I can but I need a little help from you.

Also try this thread.

The Bob (2004 ©)

 

[joejo]

thx bob...i don't know but I will email my teacher and ask him...

 

[The Bob]

PM me when you have found out.

The Bob (2004 ©)

 

[Werg22]

MKS it a measure system. You are already working with MKS.

 

[Werg22]

Maybe you need to convert to cgs...

 

[jtbell]

No, I think he's just supposed to reduce it to the simplest possible combination of meters, kilograms, and seconds, after substituting for watts, joules, etc.

 

[The Bob]

MKS it a measure system. You are already working with MKS.

In that case it is fairly simple.

Given: W = J/s, J = Nm, N = kgm/s2, Hz = 1/s
Convert W²/NJHz to mks and simplify. Make sure to list every step.

Write W as Js^-1, J as Nm, N as kg ms^-2 and Hz as s^-1.

\frac{W^2}{N \times J \times Hz} = \frac{(Js^{-1})^2}{kg \ ms^{-2} \ \times \ Nm \ \times \ s^{-1}}

Now it is time to start using your basic knowledge of maths to multiply and divide this out.

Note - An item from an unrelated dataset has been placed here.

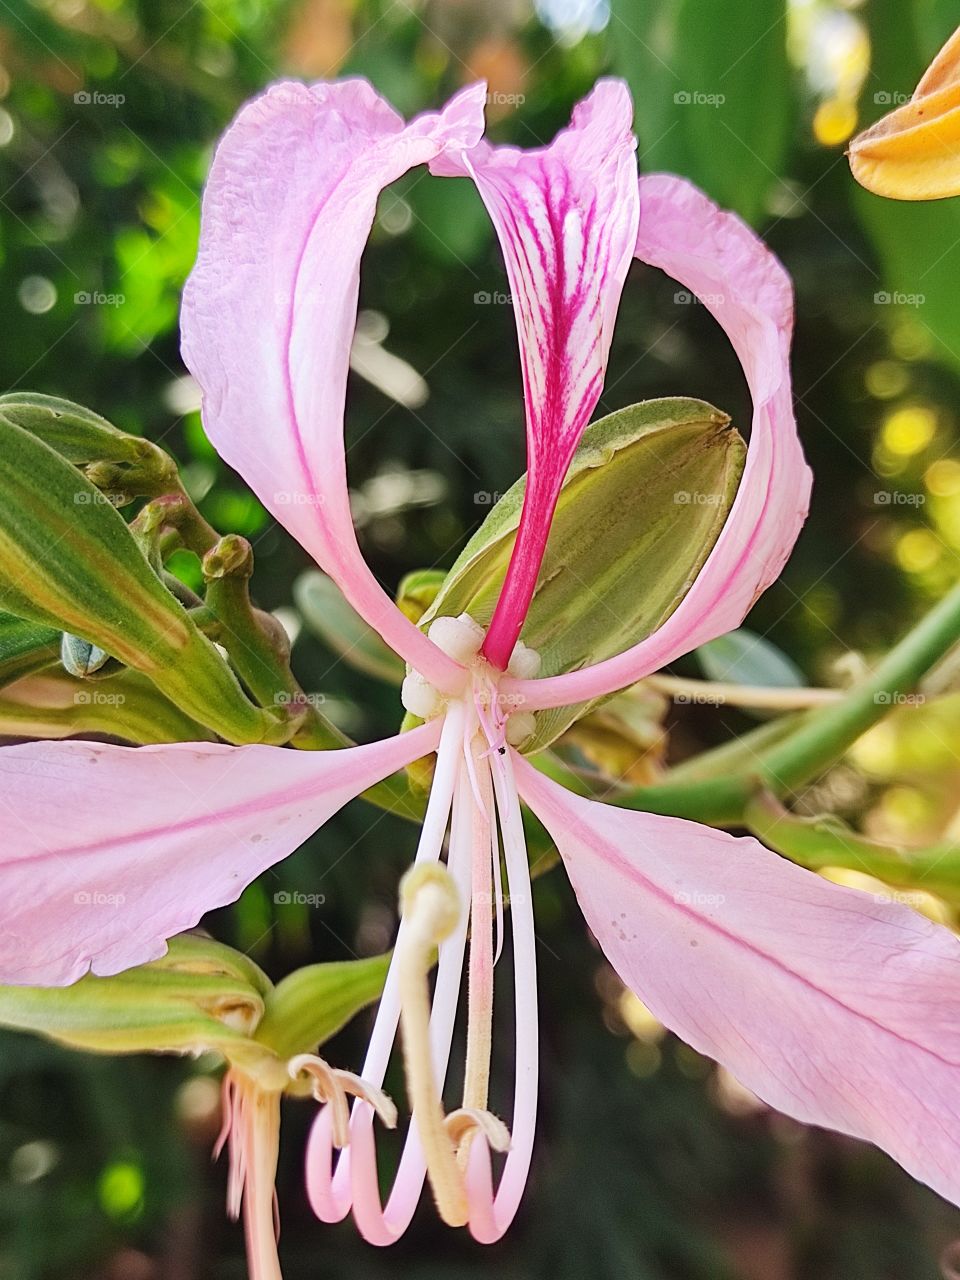 pink flower shot on macro lens of smartphone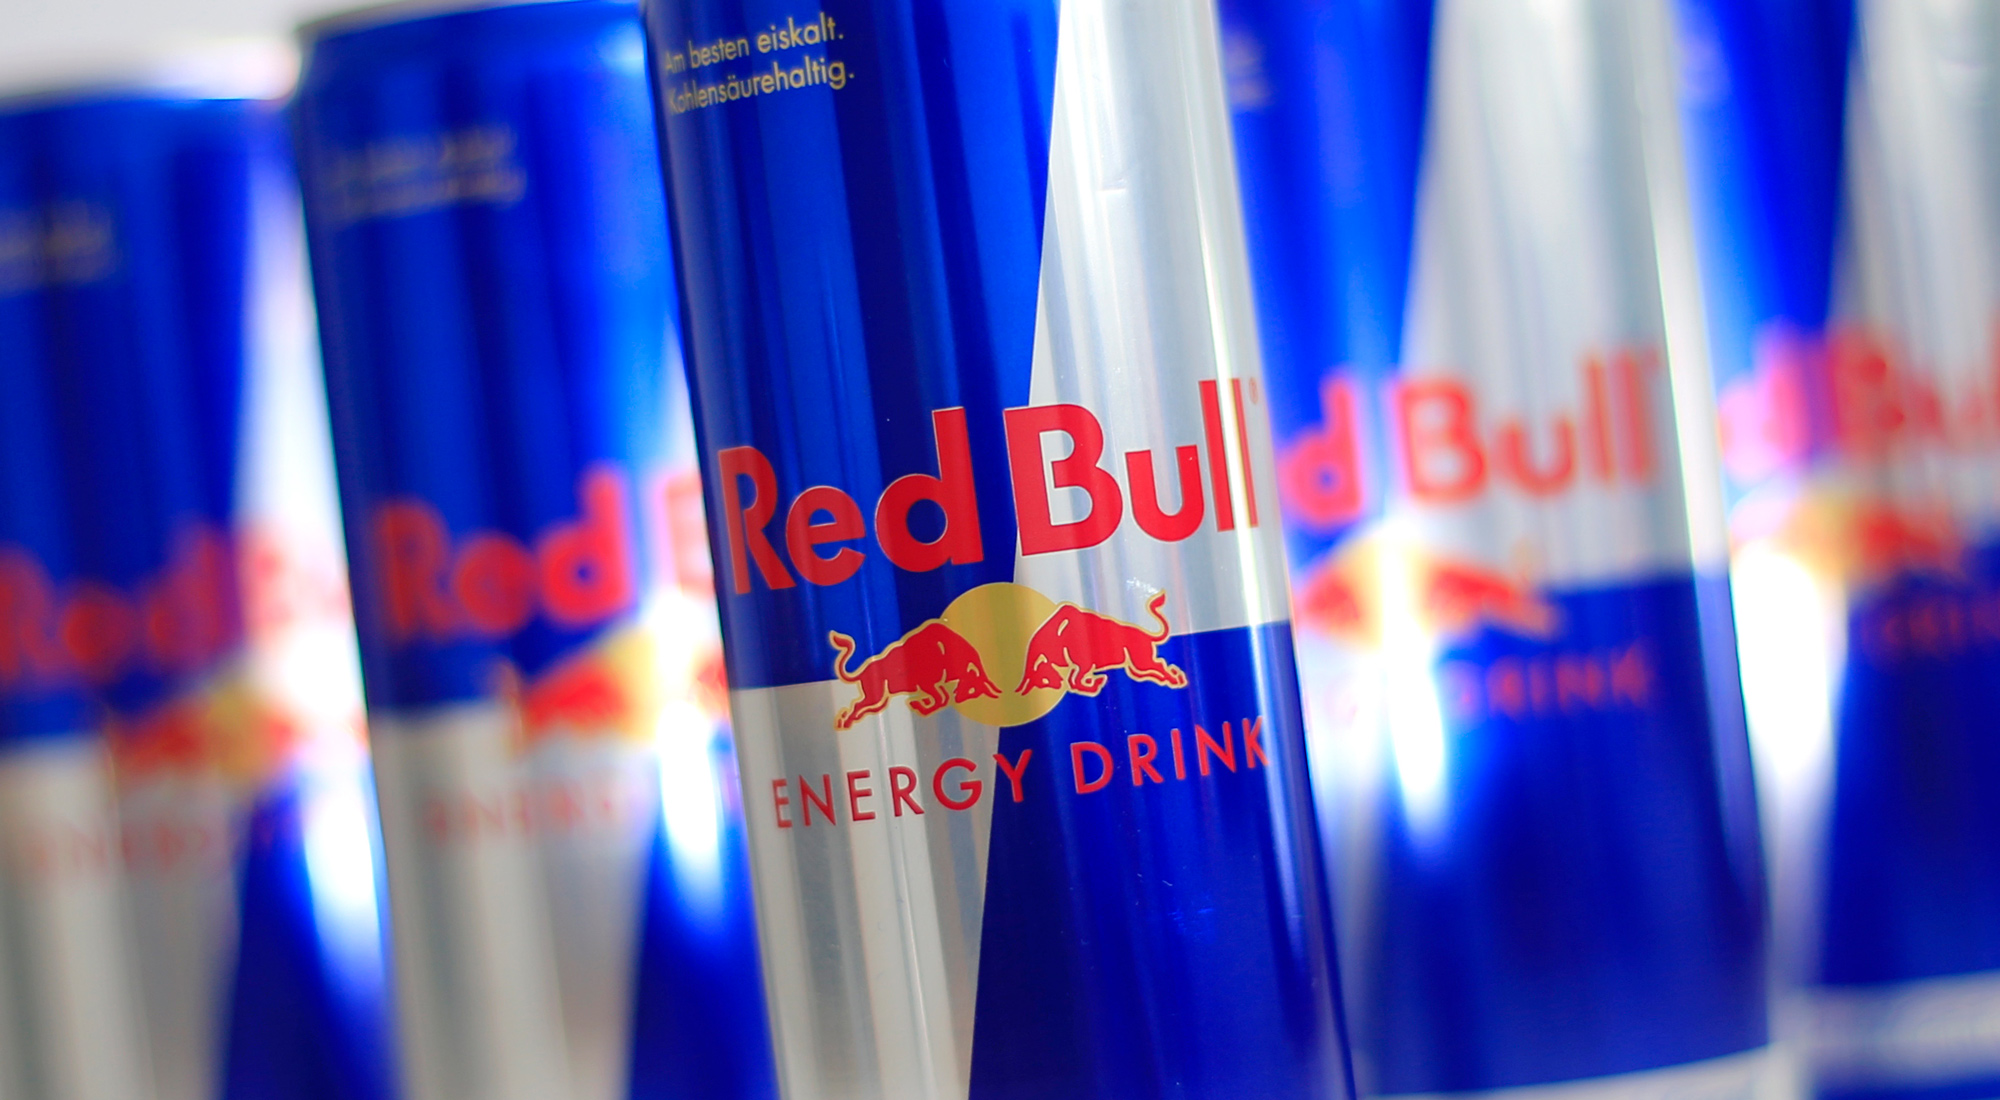 Red Bull Flies Past - Billion Growth Mark €10 Sales Bloomberg Despite Slower

\frac{J^2s^{-2}}{\frac{kg \m}{s^2} \ \times \ Nm \ \times \ \frac{1}{s}} = \frac{J^2}{s^2} \div (\frac{kg \m}{s^2} \ \times \ Nm \ \times \ \frac{1}{s}}) = \frac{J^2}{s^2} \div \frac{kg \m \times Nm}{s^2 \times s}

= \frac{J^2}{s^2} \times \frac{s^3}{kg \m \times Nm} = \frac{J ^2 \ s^3}{kg \m \times Nm \times s^2} = \frac{J ^2 \ s}{kg \m \times Nm} = J^2 \ s \ kg^{-1} \ Nm^{-1}

This is what I get however I feel that the (Js^-1)² = J²s^-2 might be said to be wrong by someone more in the know than I am on units. However this is what I think until I am told otherwise.

If this does not make too much sense then look at the thread I mentioned in the second post. It will explain things more clearly.

The Bob (2004 ©)

 

[KingNothing]

First convert all your 'givens' to MKS, starting with the most basic (Hz).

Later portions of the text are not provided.